Knowing this and even realizing I am, myself gaining mass tend to use self justification... Oh it's ok because I'm gaining mass anyway.. It still puzzles me why I seem to be compelled sometimes to take a cheatmeal every now and again given nutrition and fuel being the primary function of food.

Then there is perhaps the chemical reaction with the brain which might mean some foods could be addictive by nature.

Anyway, your thoughts on whats going on.

I was thinking I could redefine what a food is and maybe that would help.

Food for our purposes could be something like.... plant or animal that is virtually unprocessed or untouched that is complete in and of itself. For example: Spinach leaves are in and of themselves complete. A piece of meat is virtuall unprocessed and complete. An almond is in and of itself complete without any need to modify or recreate...

Donuts, fudge, candy... would then not be considered food and entirely something else... but what.......?

mmmm.... soo someone could argue well food is a compound of elements. That being the nutrients....

But if you view it this way then candy could be considered a food in part....

I would view it as more of a whole than in pieces.... However, things become broken down when in the body into specifics...

Any thoughts on ways in which this could be cleared up?

If you have time maybe some thoughts on why cheatmeals are inevitable?

-Get Lifted



I understand your thinking. It's admirable to analyze the "whys", "hows", and "whats". Yet like so much I see here, much of the groundwork has already been thought out by many professionals, educators and scientists.

So just to let you know you're not off the mark (but to keep you from wasting any time reinventing the wheel), here's some facts...

We choose to eat for many reasons. Appetite, taste, price, nutrient content and health beliefs, availability, schedule, social and religious inclinations, etc. All things being equal, most folks choose TASTE (yes, instant reward). Maybe you can check out "Eat It" by doing a search here on the site.

Foods are technically substances of plant and animal origin that can be taken into the body for energy and nutrients (not the same thing) for such things as growth, repair, functioning, etc.

I think that a simple rule to address part of your thinking is to go for minimally processed foods. The closer to what you might find in nature, the better. Whole fruits, vegetables, lean meats, dairy, whole grains... each of these things lacks the processing of most of our grocery store food products. (Hmm, try searching for the "Frankenfoods" article as well.)

By contrast consider what we've done to these simple foods: fruit pies, salty discolored canned vegetables or French fries, soft fatty brger sandwiches, sugary flavored dairy products, stripped refined white bread... you get the idea.

Simpler is better.


You always have great recipes, I was wondering if you had a few favorite preworkout meals? I usually lift in the afternoon, so it would be my 2nd or 3rd meal of the day. Thanks!


Thanks! Pre workout, I've always liked low-carb protein snacks.

Instant coffee and chocolate protein blended with 1/2 c. Carb Countdown milk and 1 c. water makes a decent mocha.

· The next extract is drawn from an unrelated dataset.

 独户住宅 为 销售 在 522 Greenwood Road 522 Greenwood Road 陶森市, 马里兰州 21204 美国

These can be kicked up a notch with a 1/2 cup raspberries for a choc-raspberry-mocha drink... or added mint extract can result in a chocolate-mint type of thing not unlike what one might see at a coffee shop. Ditch the coffee and try cottage cheese and bluberries = bluberry cheescake shake.

...there was far more floating around this forum. I just like to keep the protein and caffeine up and the carbs down prior to exercise. (Don't want that insulin jacked sky-high protecting my body fat stores!)

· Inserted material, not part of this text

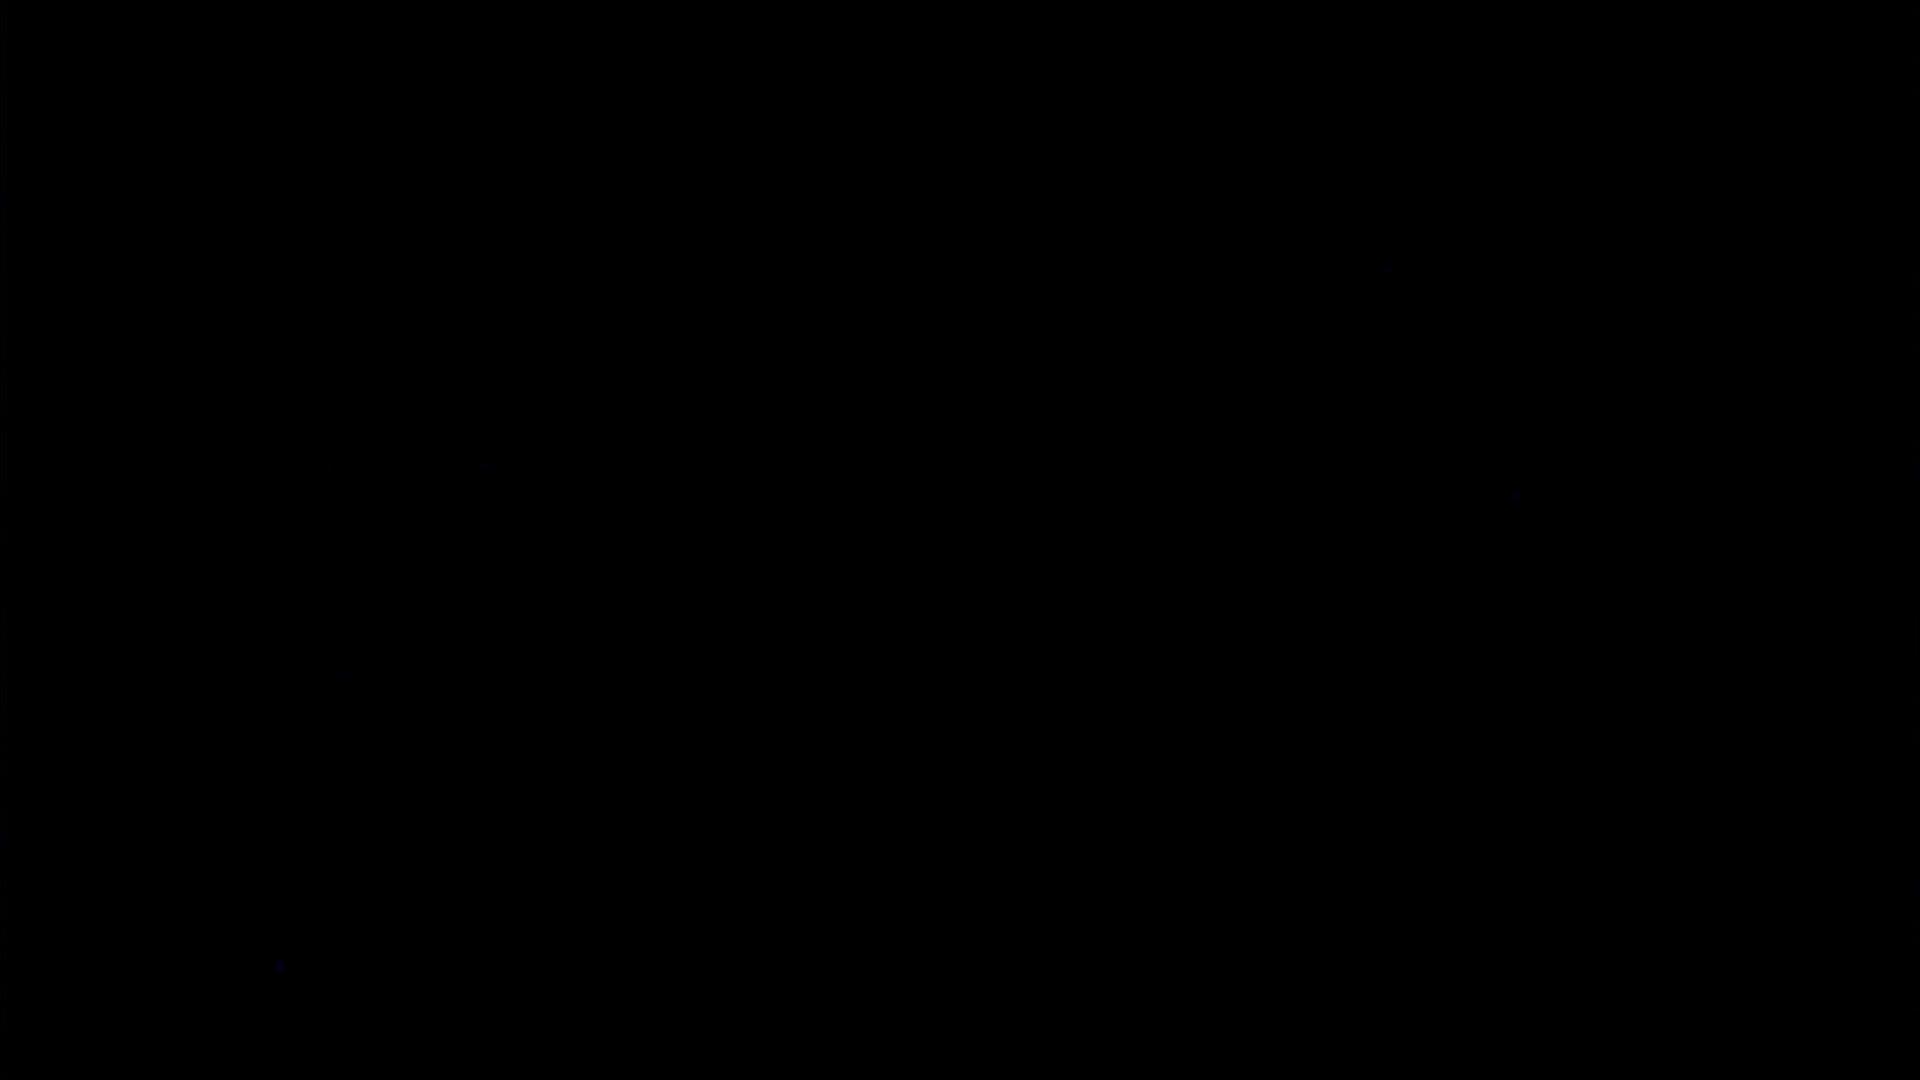 SPYさん初投稿!マンション覗き!5000K!ハイビジョン撮影VOL.04(現役ラグビー部大学生編) 投稿 ゲイアダルトビデオ画像 74枚 18

And know what? Natural PB on a piece of low-carb toast goes great with some low-CHO milk or protein drink, too. It's the simple things ya treasure.

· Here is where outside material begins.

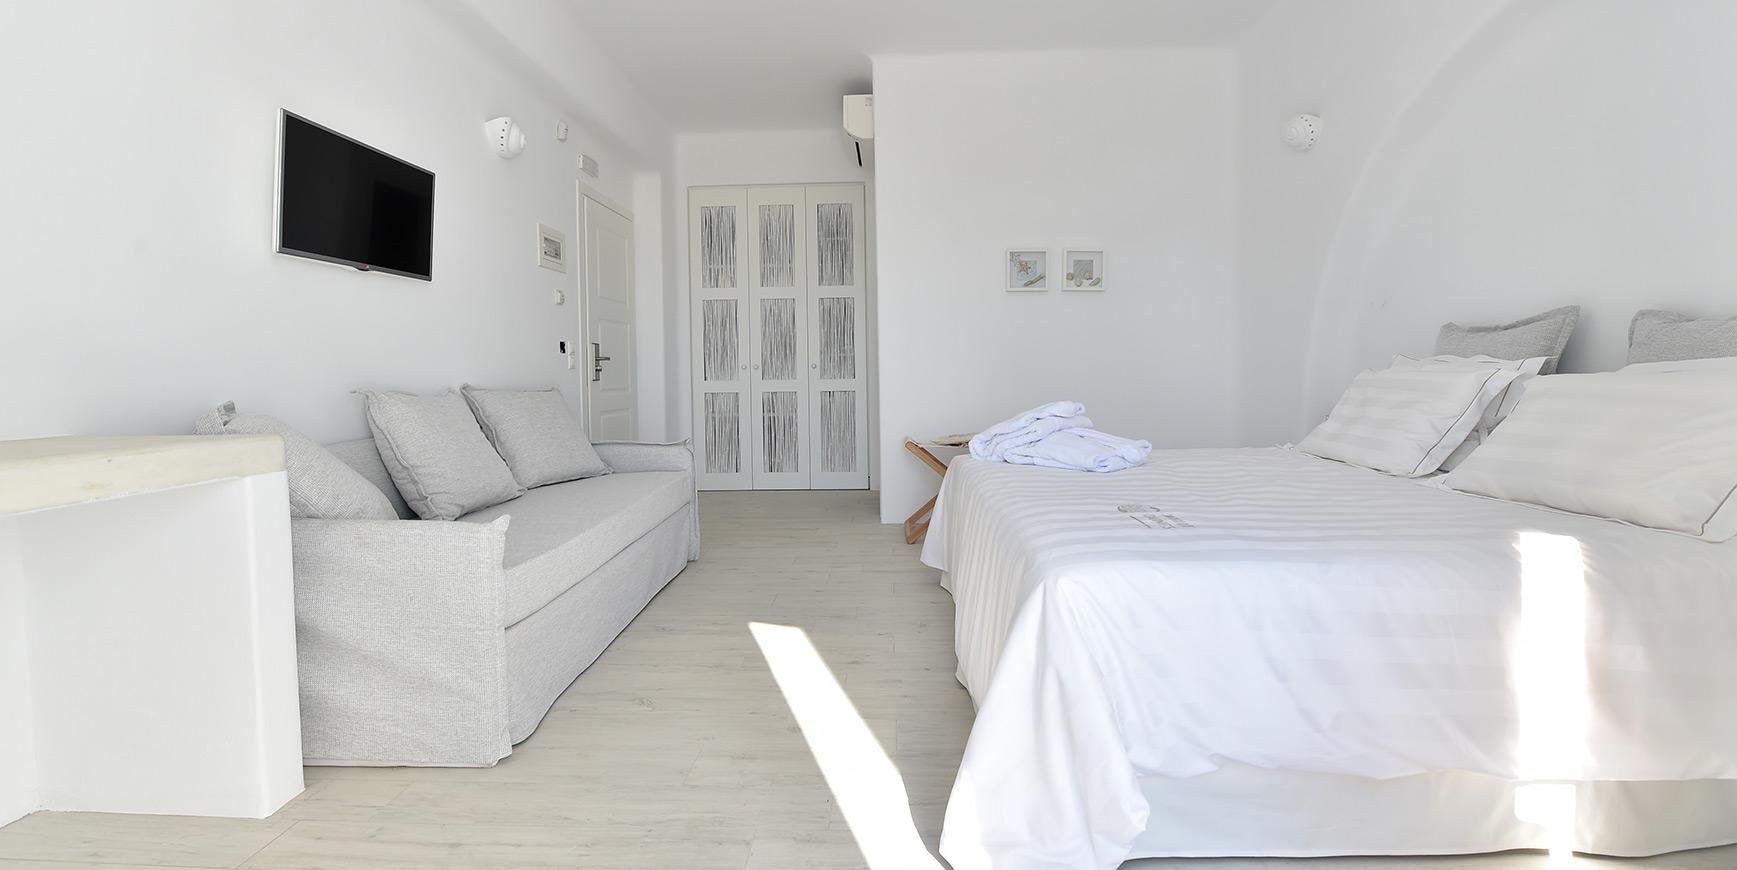 Luxury Room in Paros

I'll have to think about actual meal recipes though. These are snacks 'cause pre-workout, it's not good to get bogged down with a big meal.


Alrighty, I'm out.

I skipped kendo tonight for you guys (and gals), so tomorrow will call for some extra exercise before Prime Time! I must try not to get any fatter from these injuries (they've been slowing me down!)

See you manana!


When you competed, did you supplement with creatine? How close to the day of comp did you use? Any regrets?